■ **HOW TO COMPLETE THIS TASK**
In the material below, find the line containing "SP14_NFL_SB_TeamUni_NFC_4699_PR_crop_3" and output it and all lines after it exactly, through the last one, without the pictures.
[[ DATASET EXCERPT open ]]
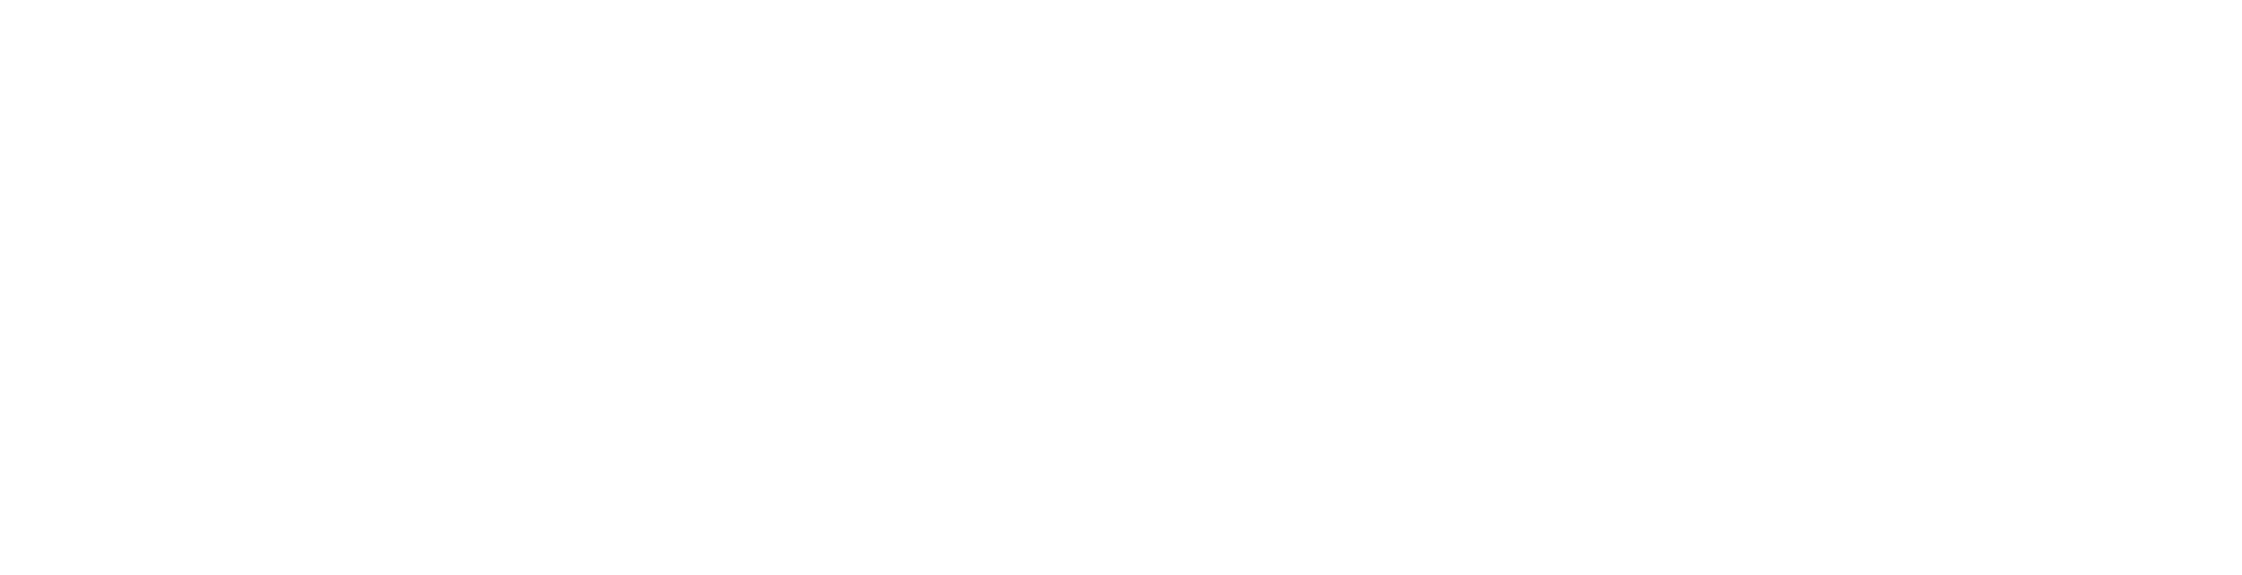 Summit Nashville - GPUG White.png
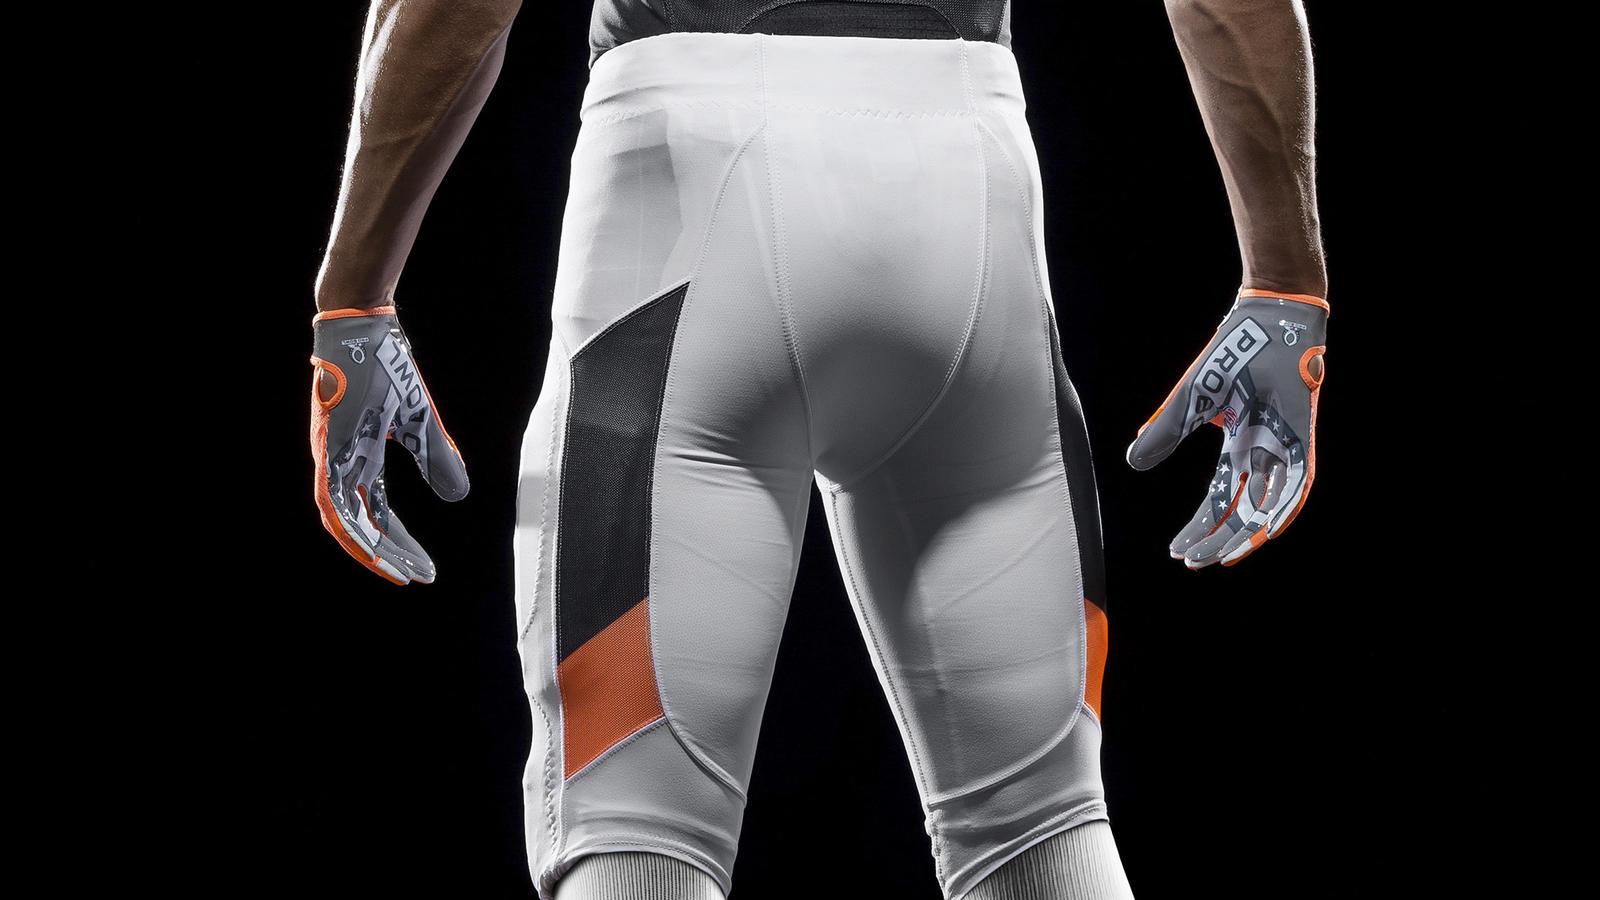 SP14_NFL_SB_TeamUni_NFC_4699_PR_crop_3
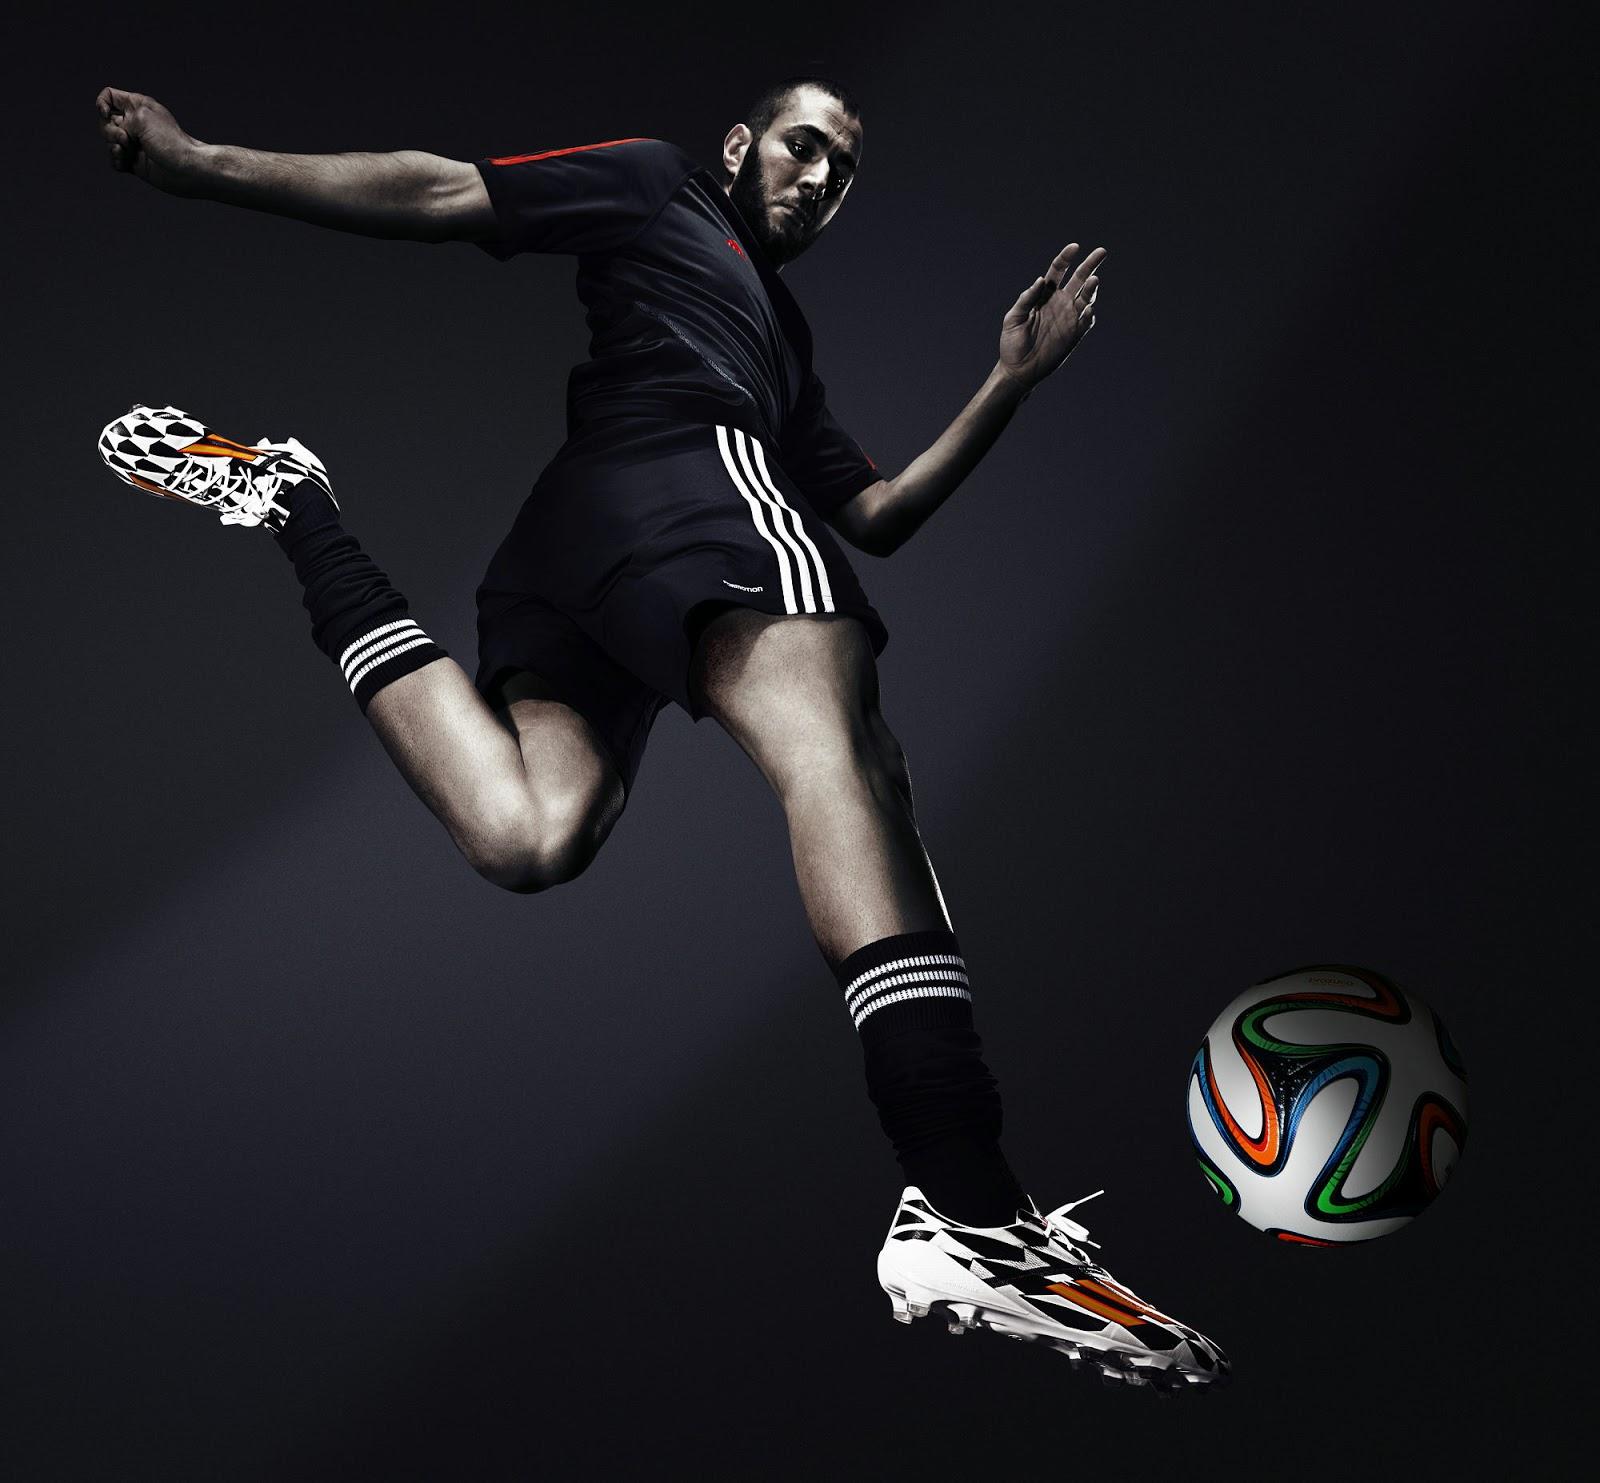 adidas adizero f50 battle pack
[[ DATASET EXCERPT closed ]]
■ **REPLY TO THE TASK**
 SP14_NFL_SB_TeamUni_NFC_4699_PR_crop_3
 adidas adizero f50 battle pack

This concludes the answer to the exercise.